Rechtsfolgen bei Verstößen
Verstöße können unter anderem führen zu:
- Rückforderung unzulässiger Leistungen
- arbeitsgerichtlichen Verfahren
- Unterlassungsansprüchen
- Schadensersatzansprüchen
- strafrechtlichen Folgen in besonderen Fällen nach §119 BetrVG
Typische Arbeitgeberfehler
- Gehaltserhöhungen allein wegen des Betriebsratsamtes
- ungerechtfertigte Beförderungen
- Sonderprämien zur Beeinflussung
- persönliche Vergünstigungen
- bevorzugte Behandlung ohne sachlichen Grund
Typische Fehler von Betriebsräten
- unzulässige Vorteile annehmen
- fehlende Transparenz
- Interessenkonflikte nicht offenlegen
- Gleichbehandlungsgrundsatz außer Acht lassen
Praxisbeispiel
Ein Arbeitgeber gewährt dem Betriebsratsvorsitzenden einen höherwertigen Dienstwagen, obwohl dessen Tätigkeit dies nicht rechtfertigt und vergleichbare Beschäftigte keinen entsprechenden Anspruch haben.
Die bessere Ausstattung erfolgt ausschließlich wegen seiner Funktion als Betriebsratsvorsitzender.

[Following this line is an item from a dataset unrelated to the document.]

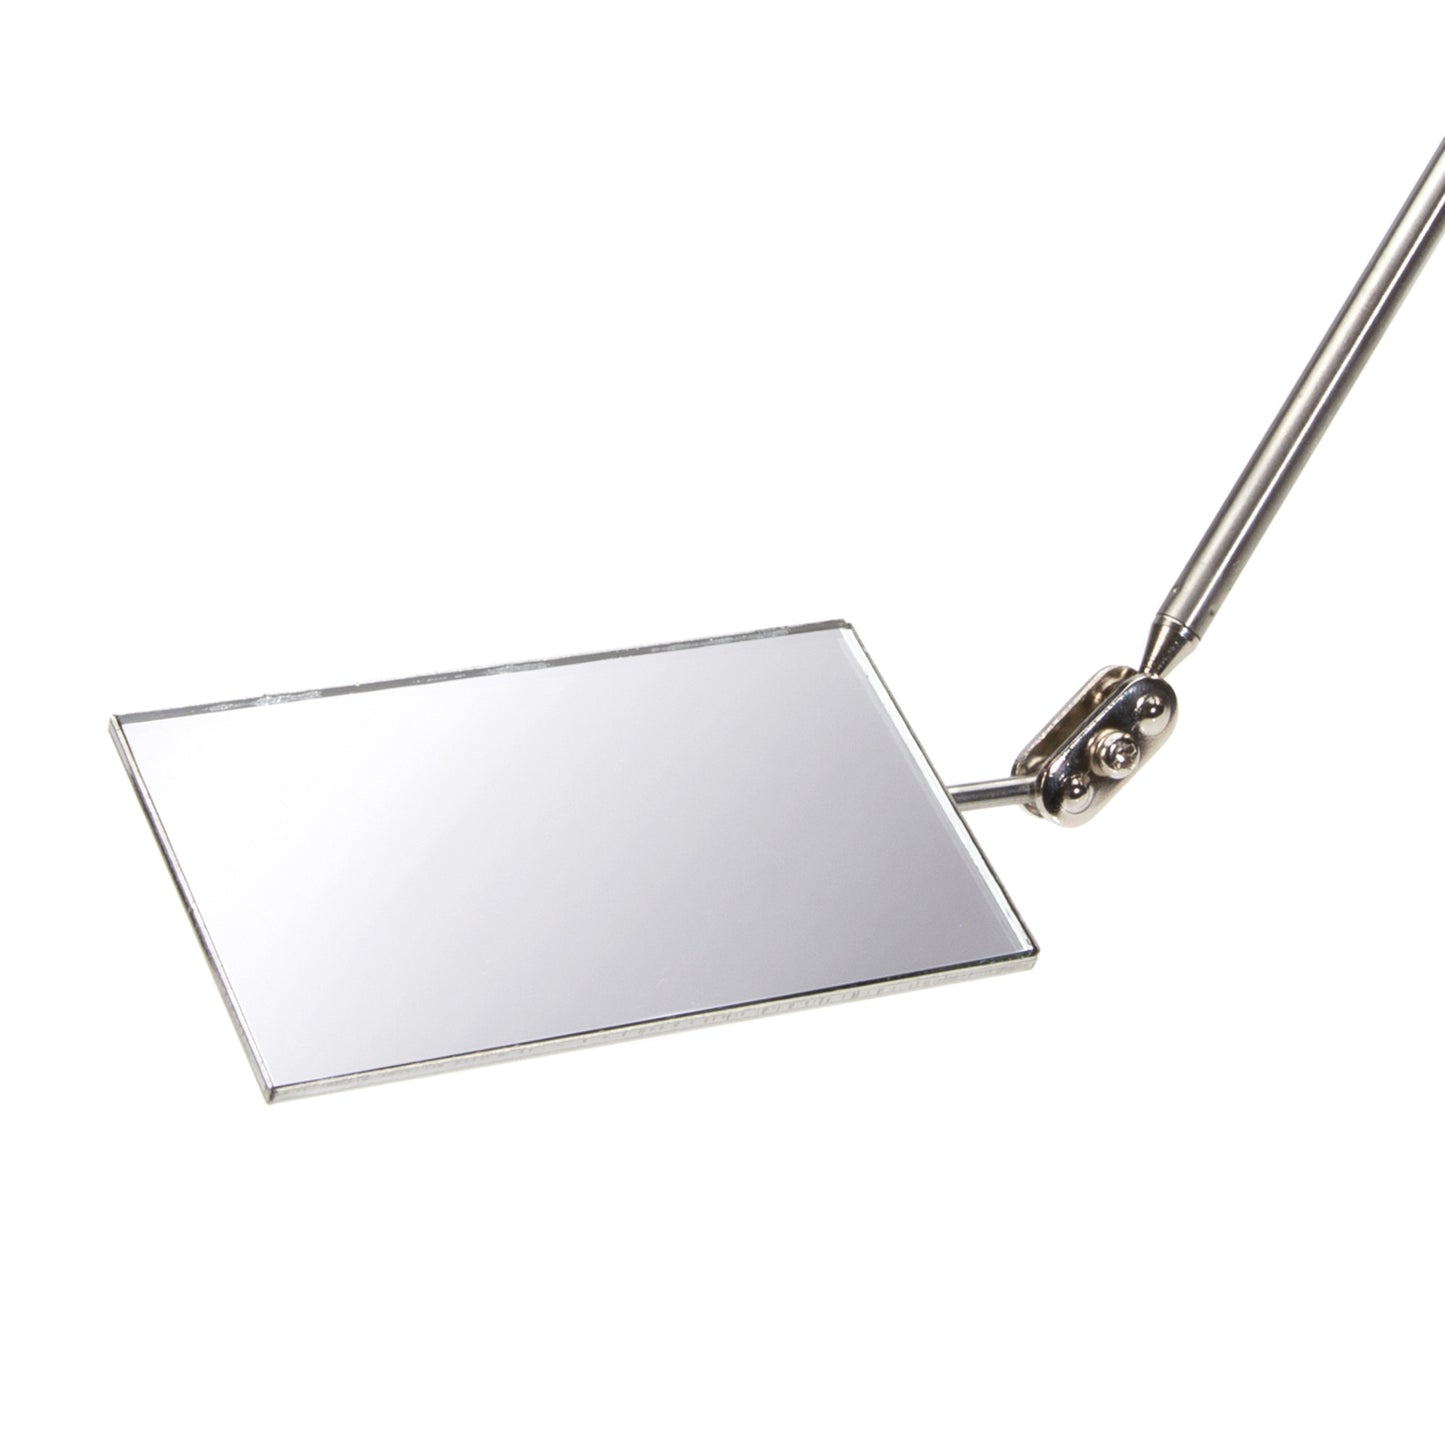 30-inch Telescoping 2-Inch x 3.5-Inch Articulating Inspection Mirror

Dies verstößt gegen das Begünstigungsverbot des §78 BetrVG, da der Vorteil unmittelbar an das Betriebsratsamt anknüpft.
Ablauf einer Prüfung
Vorteil
⬇️
Vergleich mit anderen Beschäftigten
⬇️
Sachlicher Grund vorhanden?
⬇️
Ja → zulässig
⬇️
Nein
⬇️
Verstoß gegen das Begünstigungsverbot
Verhältnis zu anderen Vorschriften
Vorschrift| Inhalt
§37 BetrVG| Ehrenamt und Arbeitsbefreiung
§38 BetrVG| Freistellung
§78 BetrVG| Benachteiligungs- und Begünstigungsverbot
§119 BetrVG| Strafvorschriften
Art. 3 GG| Gleichheitsgrundsatz
Merksatz
«Das Begünstigungsverbot untersagt jede Besserstellung eines Betriebsratsmitglieds, die allein wegen seiner Betriebsratstätigkeit erfolgt. Betriebsratsmitglieder dürfen weder benachteiligt noch bevorzugt werden, sondern müssen wie vergleichbare Beschäftigte behandelt werden.»
Bezug zu Knoten
- §37 BetrVG
- §38 BetrVG
- §78 BetrVG
- §119 BetrVG
- Benachteiligungsverbot
- Gleichbehandlung
- Betriebsrat
- Betriebsratsvorsitzender
- Freistellung Betriebsrat
- Arbeitsgericht
- Mitbestimmung
- Ehrenamt
- Arbeitsrecht
- Vertrauensvolle Zusammenarbeit
- Vertrauensleute
- Interessenvertretung
Praxisrelevanz
Das Begünstigungsverbot ist eine tragende Säule der unabhängigen Betriebsratsarbeit. Es verhindert, dass Arbeitgeber durch finanzielle oder berufliche Vorteile Einfluss auf Betriebsratsmitglieder nehmen. Gleichzeitig schützt es die Glaubwürdigkeit des Betriebsrats gegenüber der Belegschaft. In der Praxis spielt das Begünstigungsverbot insbesondere bei Gehaltsentwicklungen, Beförderungen, Prämien, Dienstwagenregelungen und der beruflichen Entwicklung freigestellter Betriebsratsmitglieder eine wichtige Rolle. Gemeinsam mit dem Benachteiligungsverbot stellt es sicher, dass das Betriebsratsamt weder Vor- noch Nachteile mit sich bringt, sondern ausschließlich dem Schutz der Beschäftigten dient.